Al-Imam At-Tirmidzi t mengatakan, “Sebagian ahlul ilmi berkata, ‘Adzan itu dua kali, dua kali, demikian pula iqamah dua kali dua kali’.” Selanjutnya At-Tirmidzi mengabarkan, “Ini merupakan pendapat Sufyan Ats-Tsauri, Ibnul Mubarak, dan penduduk Kufah.” (Sunan At-Tirmidzi, 1/125)
Al-Imam Al-Albani t menyatakan, “Ibnu Hazm t sungguh ganjil dalam pendapatnya yang menyatakan bahwa digandakannya iqamah itu mansukh (terhapus hukumnya) dengan hadits Anas z yang akan datang penyebutannya, yaitu: ‘Bilal diperintah untuk menggandakan adzan dan mengganjilkan iqamah.’ Tidak ada pendorong untuk mengaku-ngaku mansukh-nya hadits tentang penggandaan iqamah selama memungkinkan menjamak (mengumpulkan) antara ganda dengan ganjil, di mana riwayat yang menyebutkan ganda dibawa pada sebagian waktu dan riwayat ganjil di waktu yang lain (kadang diamalkan ini dan di waktu lain diamalkan yang satunya lagi).” (Ats-Tsamar, 1/207)
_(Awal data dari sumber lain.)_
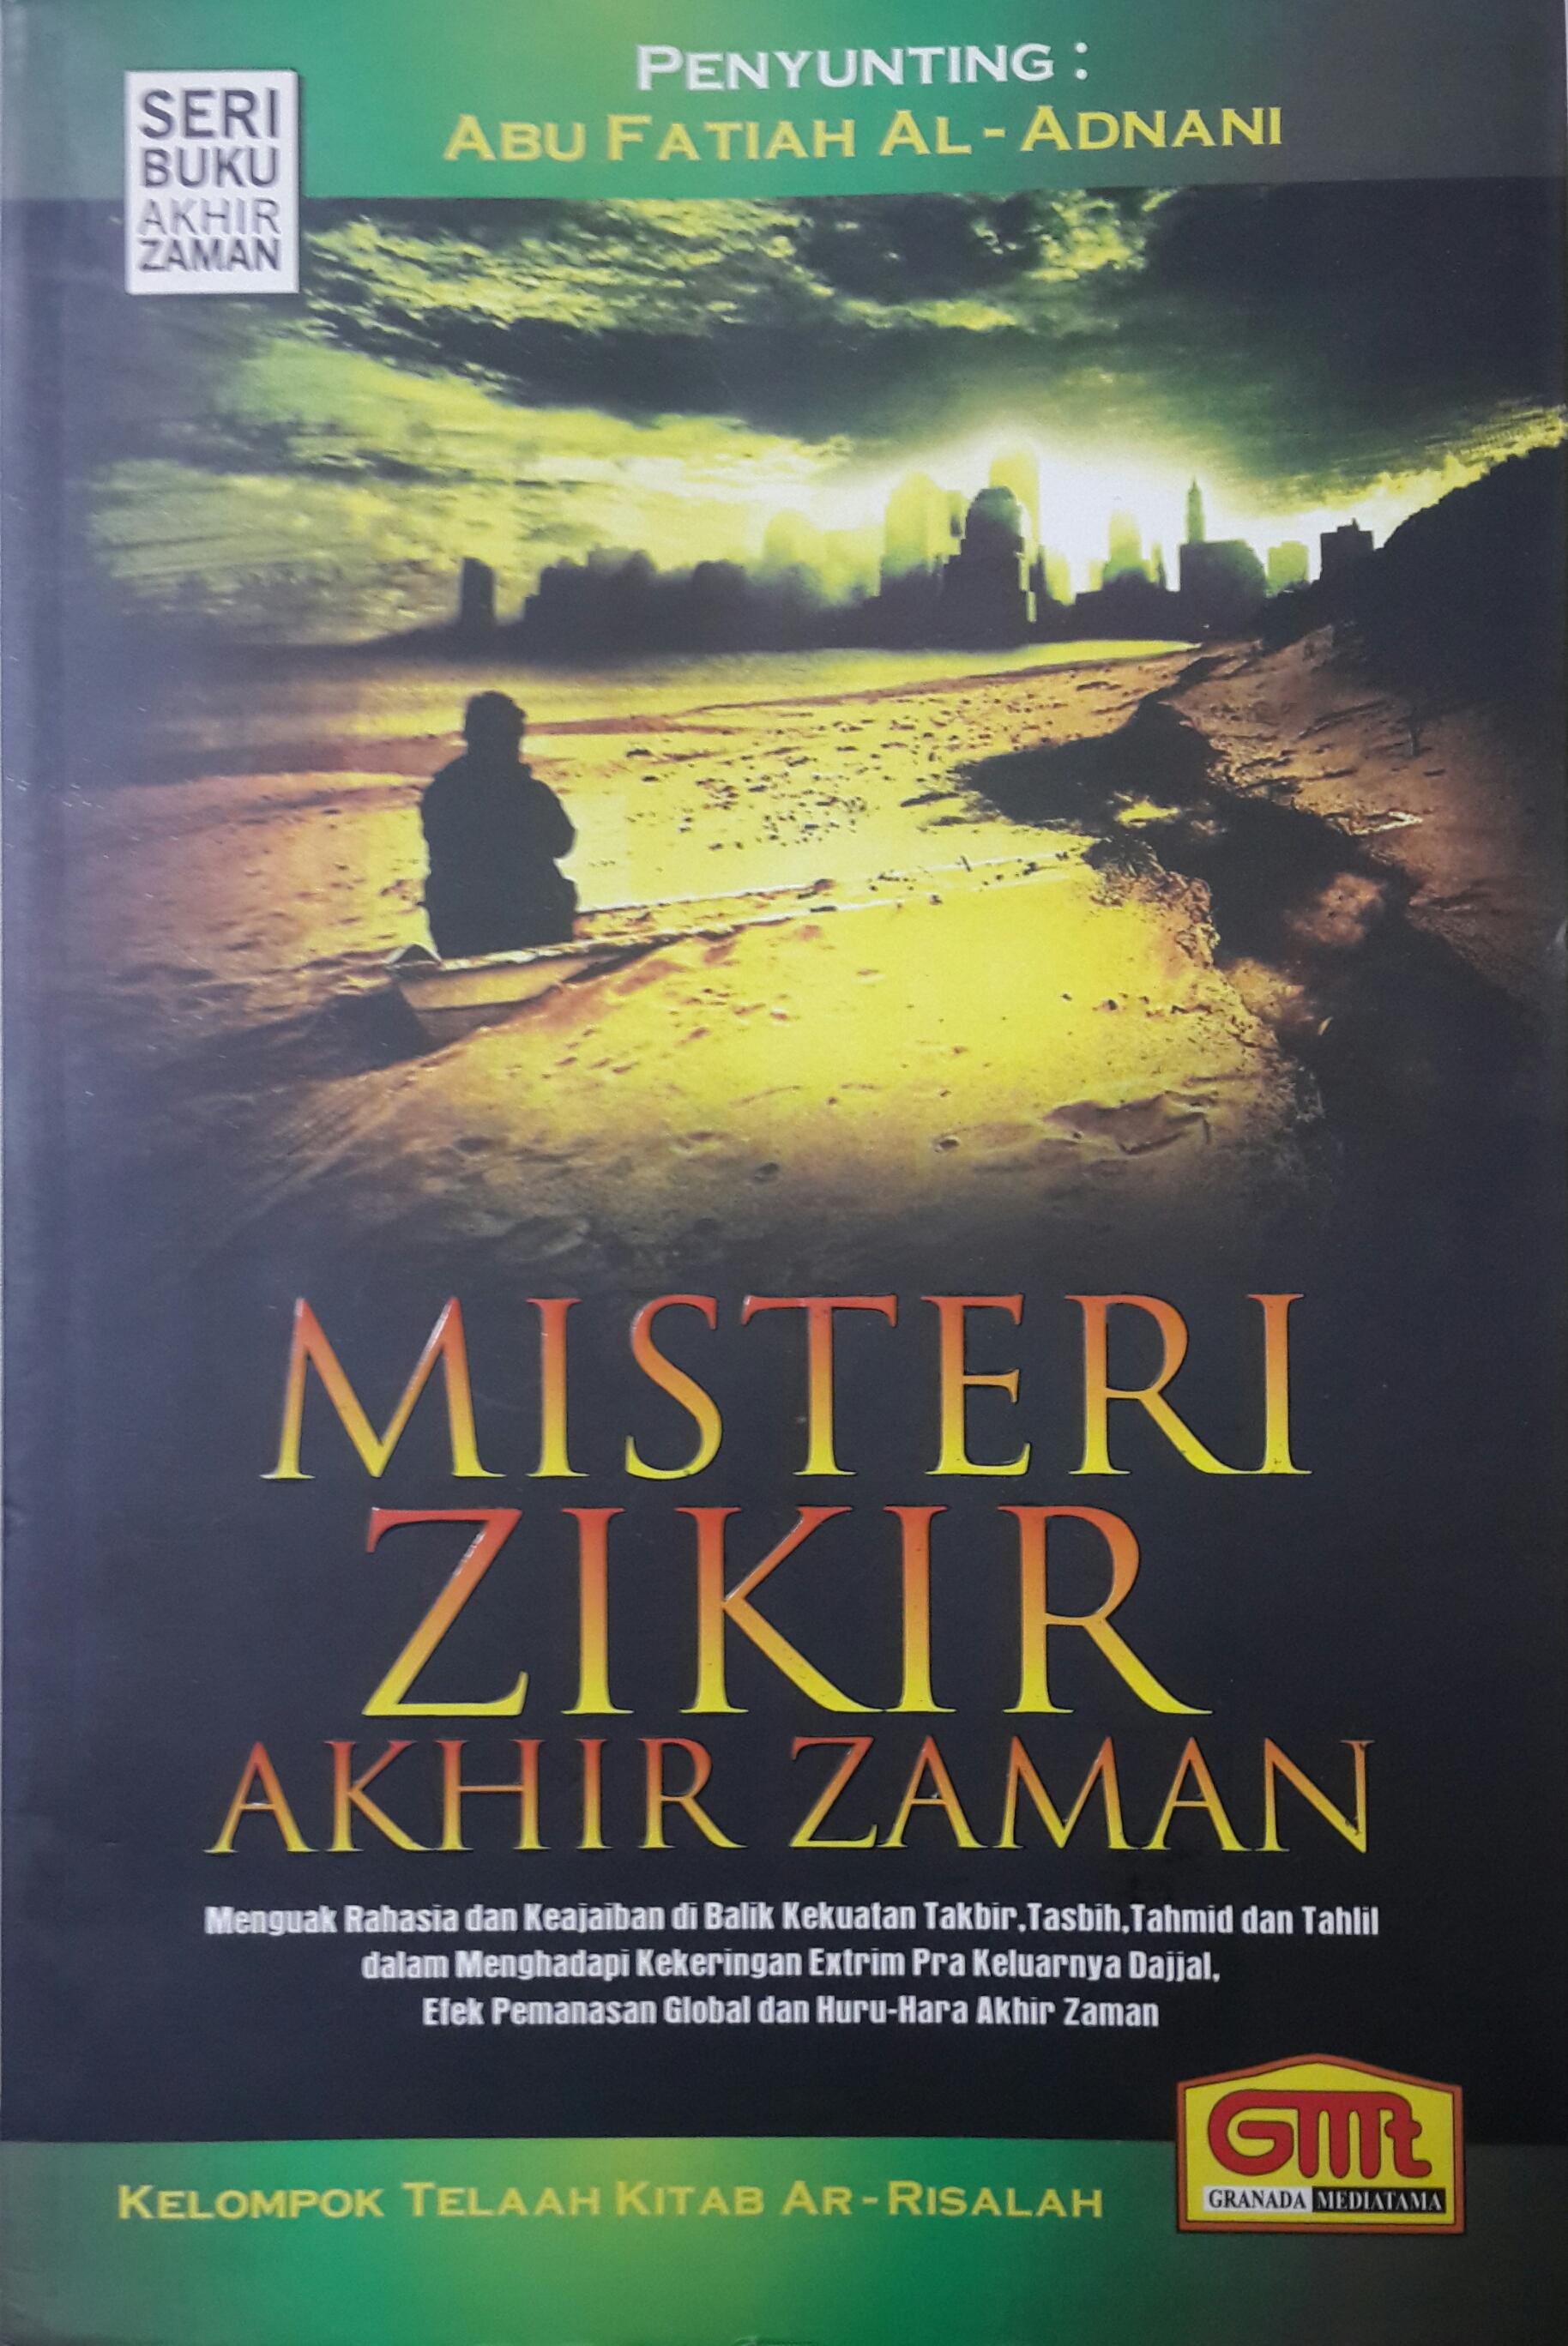 Granada Mediatama Zikir Akhir Zaman Daftar Harga Terkini Dan Buku Islam Abu Fatiah Al Adnani Save 8

Kedua: terdiri dari 11 kalimat, dengan mengganjilkan lafadz-lafadznya terkecuali lafadz: قَدْ قَامَتِ الصَّلاَةُ. Selengkapnya sebagai berikut:
اللهُ أَكْبَرُ اللهُ أَكْبَرُ،
أَشْهَدُ أَنْ لاَ إِلَهَ إِلاَّ اللهُ، أَشْهَدُ أَنَّ مُحَمَّدًا رَسُوْلُ اللهِ،
حَيَّ عَلَى الصَّلاَةِ، حَيَّ عَلَى الْفَلاَحِ،
قَدْ قَامَتِ الصَّلاَةُ، قَدْ قَامَتِ الصَّلاَةُ،
اللهُ أَكْبَرُ اللهُ أَكْبَرُ، لاَ إِلَهَ إِلاَّ اللهُ
Sebagaimana disebutkan dalam hadits Abdullah bin Zaid z yang juga sudah pernah kami bawakan di pembahasan adzan dalam Majalah Asy Syariah no. 49.
Kata Al-Baghawi t, “Mayoritas ahlul ilmi dari kalangan sahabat dan tabi’in berpendapat iqamah itu ganjil. Ini merupakan pendapat Al-Hasan, Makhul, madzhab Az-Zuhri, Malik, Al-Auza’i, Asy-Syafi’i, Ahmad, dan Ishaq. Ibnu ‘Umar dan Bilal c meriwayatkannya, demikian pula dihikayatkan oleh Sa’d Al-Qurazhi. Sa’d ini yang dijadikan Bilal sebagai pengganti dirinya untuk menyerukan adzan di masjid Rasulullah n saat Bilal pindah ke Syam di masa pemerintahan ‘Umar ibnul Khaththab z. Sa’d mengganjilkan iqamah. Amalan inilah yang dijalankan di Al-Haramain (Makkah dan Madinah), Hijaz, negeri-negeri Syam, Yaman, negeri-negeri Mesir, dan daerah-daerah Maghrib.” (Syarhus Sunnah, 2/255)
Al-Khaththabi t berkata, “Madzhab jumhur ulama dan amalan yang dijalankan di Al-Haramain, Hijaz, Syam, Yaman, Mesir, Maghrib, hingga penjuru negeri-negeri Islam adalah mengganjilkan iqamah.” (Al-Minhaj, 3/300)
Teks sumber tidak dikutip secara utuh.